No obstante, si preguntamos qué causa tales brechas, las opiniones difieren: para algunos, son producidas por la cultura, la socialización y los roles de género, pero, para otros, son causadas por nuestra biología.

Según esta perspectiva, nuestra anatomía crea las diferencias conductuales entre hombres y mujeres. Un conjunto importante de académicos, políticos, divulgadores y youtubers considera que nuestra biología moldea nuestras acciones y explica por qué hombres y mujeres actuamos de manera diferente. Sin embargo, ¿qué tan cierto es esto? ¿Realmente los hombres prefieren las películas de acción y las mujeres eligen las comedias románticas por culpa de su anatomía?

¿Qué es el dimorfismo sexual?

En el estudio de las diferencias entre hembras y machos hay un concepto central: dimorfismo sexual. ¿De qué trata? El dimorfismo sexual refiere a aquella “diferencia sistemática de tamaño y forma entre los miembros hembra y macho de una misma especie” (Nikitovic, 2018, p. 1). En palabras simples, dicho concepto reúne y sistematiza las diferencias anatómicas que existen entre los individuos macho y hembra de una misma especie.
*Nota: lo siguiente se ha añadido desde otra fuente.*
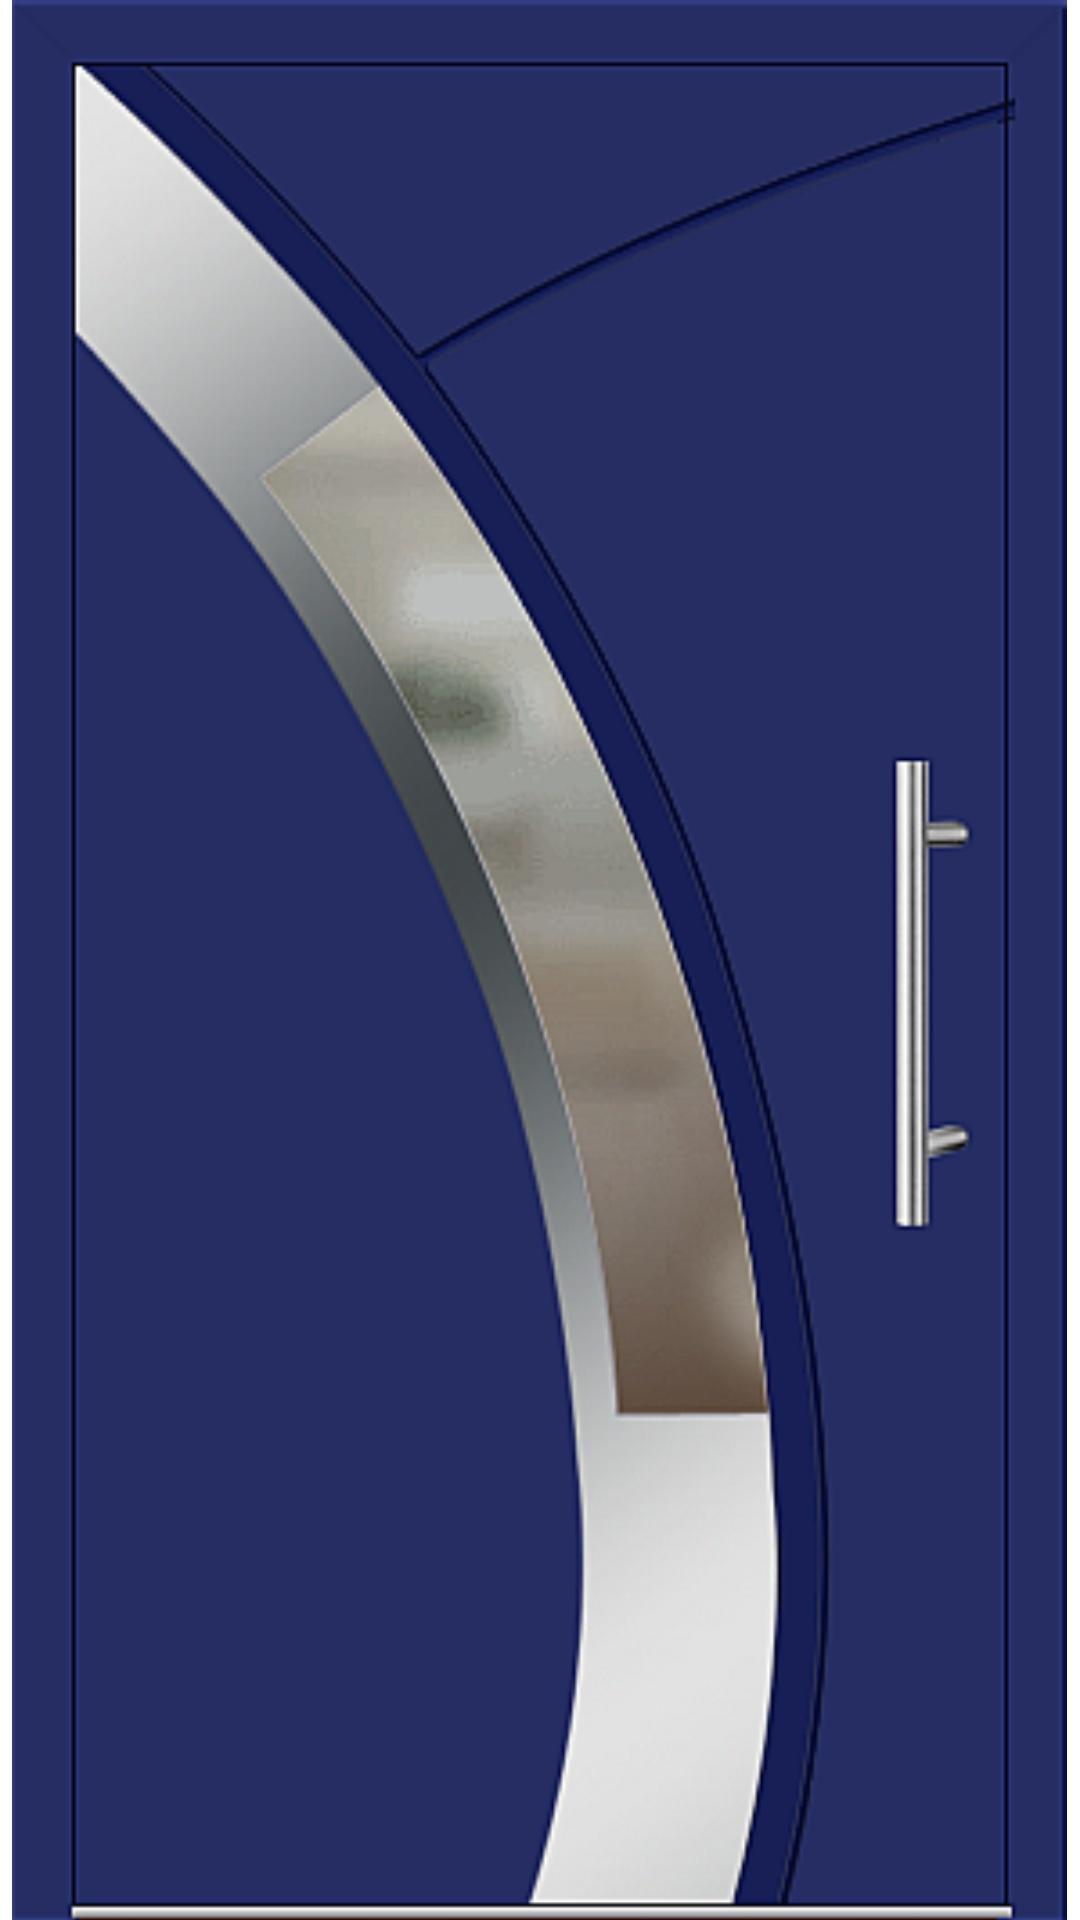 Aluminium Haustür Modell 6438-57 ultramarinblau

Si los machos y hembras de una especie presentan dos formas distintas (dimorfismo significa dos formas), se le denomina especie dimórfica. Caso contrario, si son idénticos, se le llama especie monomórfica (Mesnick y Ralls, 2018). Aunque el dimorfismo sexual incluya las diferencias en rasgos sexuales primarios (como los órganos sexuales), usualmente refiere a los rasgos sexuales secundarios que emergen en el período de maduración (Nikitovic, 2018).

Lo anterior implica reconocer que hay machos y hembras de una especie que son más dimórficos que otros. Por ejemplo, las diferencias anatómicas entre un león y una leona son menores que las diferencias entre un gorila y una gorila, entre un pato mandarín y una pata mandarín, o entre un pavo real macho y un pavo real hembra. Considerando estos niveles de diferenciación ha sido posible estimar cuantitativamente el dimorfismo sexual.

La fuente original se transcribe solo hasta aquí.